Парадоксальность названия, затем парадоксальность соединения «медведицы» и действия «ползет», а затем неожиданное: «ежится» от «капли дождя». Именно с этого места намечается перелом в системе координат миниатюры. Ведь все, что мы прочитали раньше, — иллюзия, а подлинность начинается с момента «разоблачения»: «когда она станет бабочкой» переводит содержание из природоведческого этюда в философский: «ползет» — «налетается»; «приземленная жизнь» — «мечта о духовно-душевном полете». Название произведения, антитеза глагольного плана, «спиральная композиция», лирико-интонационный рисунок, — все вместе формирует жанр произведения — этюд-загадку, в котором наилучшим образом реализуется главное: тайна и ее разгадка. Изящество, видимая простота, «акварелыюсть» живописного плана, помноженная на его динамичность, указывает на новые горизонты синтеза: не просто внутрилитературного или просто художественного, а акварелью рисованного мультипликационного фильма: в нем органика динамичного живописания словом и динамика смены «акварелей».
И рассказы[3], и сказки Коваля мало согласуются с тривиальным обозначением жанра, зато и в тех и в других общий корень «сказ». Талант рассказчика у него обозначился и как талант художника, имеющего дар сказывать-сказать. В каждом произведении (сказке ли, рассказе ли в их обычном именовании) всегда есть заветное слово, открывающее чудодейственность простых человеческих чувств и подлинных привязанностей.
Кажется, что его персонажи не выдуманы, а списаны с жизни, — в каждом угадывается тот или иной типаж, встречавшийся среди деревенских жителей. Так традиционный рассказ в руках мастера приобретает новые формы. И чувство «знакоместа» не должно обманывать: перед нами шедевры действительно мастера новой словесной живописи — Юрия Коваля, художника, который открывает и следующим за ним писателям, и читателям драгоценные возможности русской словесности XXI в.

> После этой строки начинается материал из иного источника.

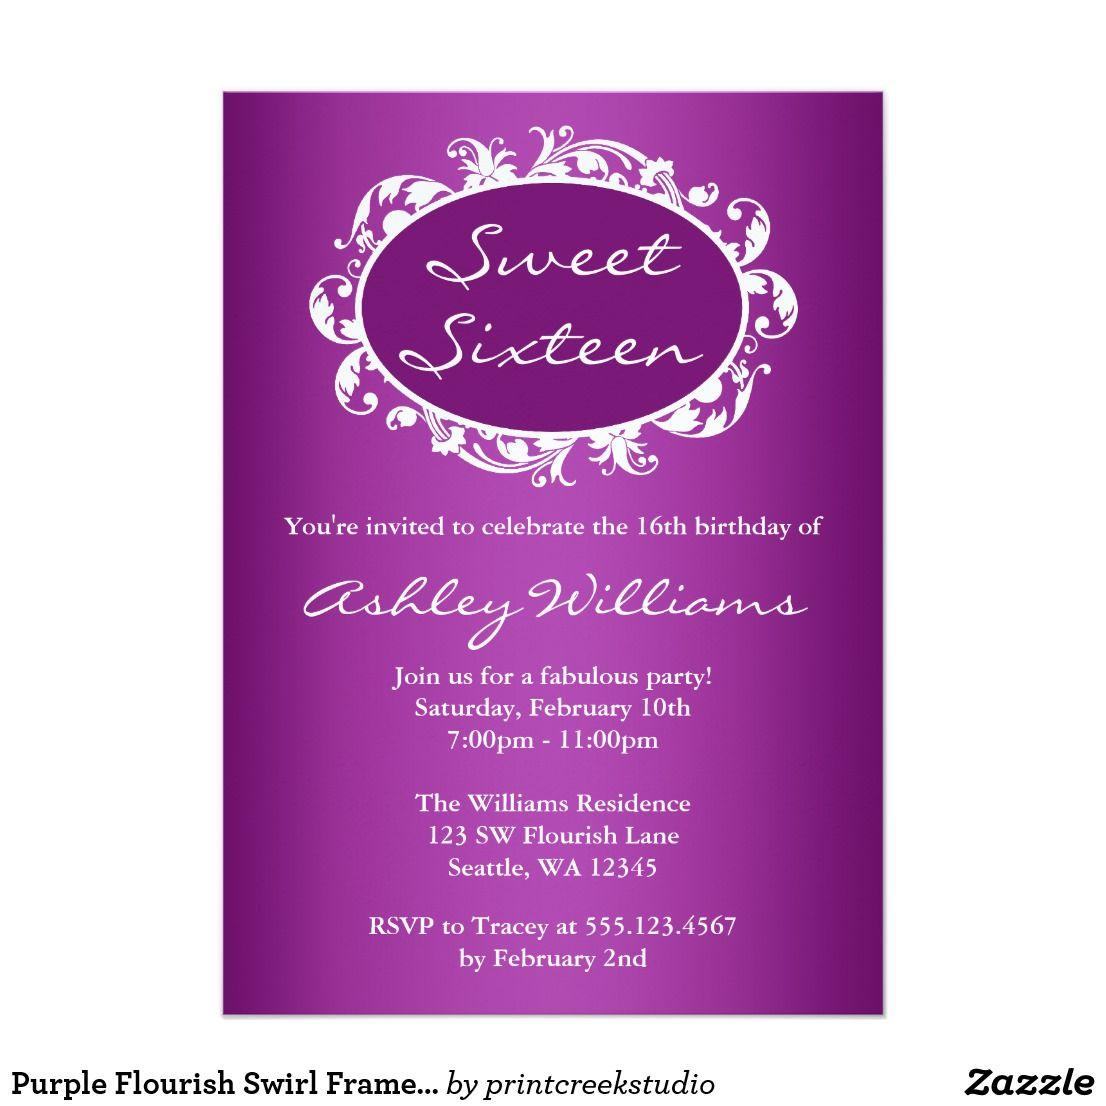 Purple flourish swirl frame sweet 16 birthday card invitation purple flourish swirl frame sweet 16 birthday card bookmarktalkfo Choice Image

- [1] Розенфельд Б. Рассказ // Литературная энциклопедия // Фундаментальная электронная библиотека «Русская литература и фольклор». URL: http: feb-web.ru/feb/litenc/encyclop (дата обращения: 05.11.2015).
- [2] Коваль /О. И. Вишня // Ю. И. Коваль. Чистый Дор. М., 2001.
- [3] Вадиков В. Маятник жанра, или Феномен рассказа // Аполлинарий. 1996. № 4. С. 3—8.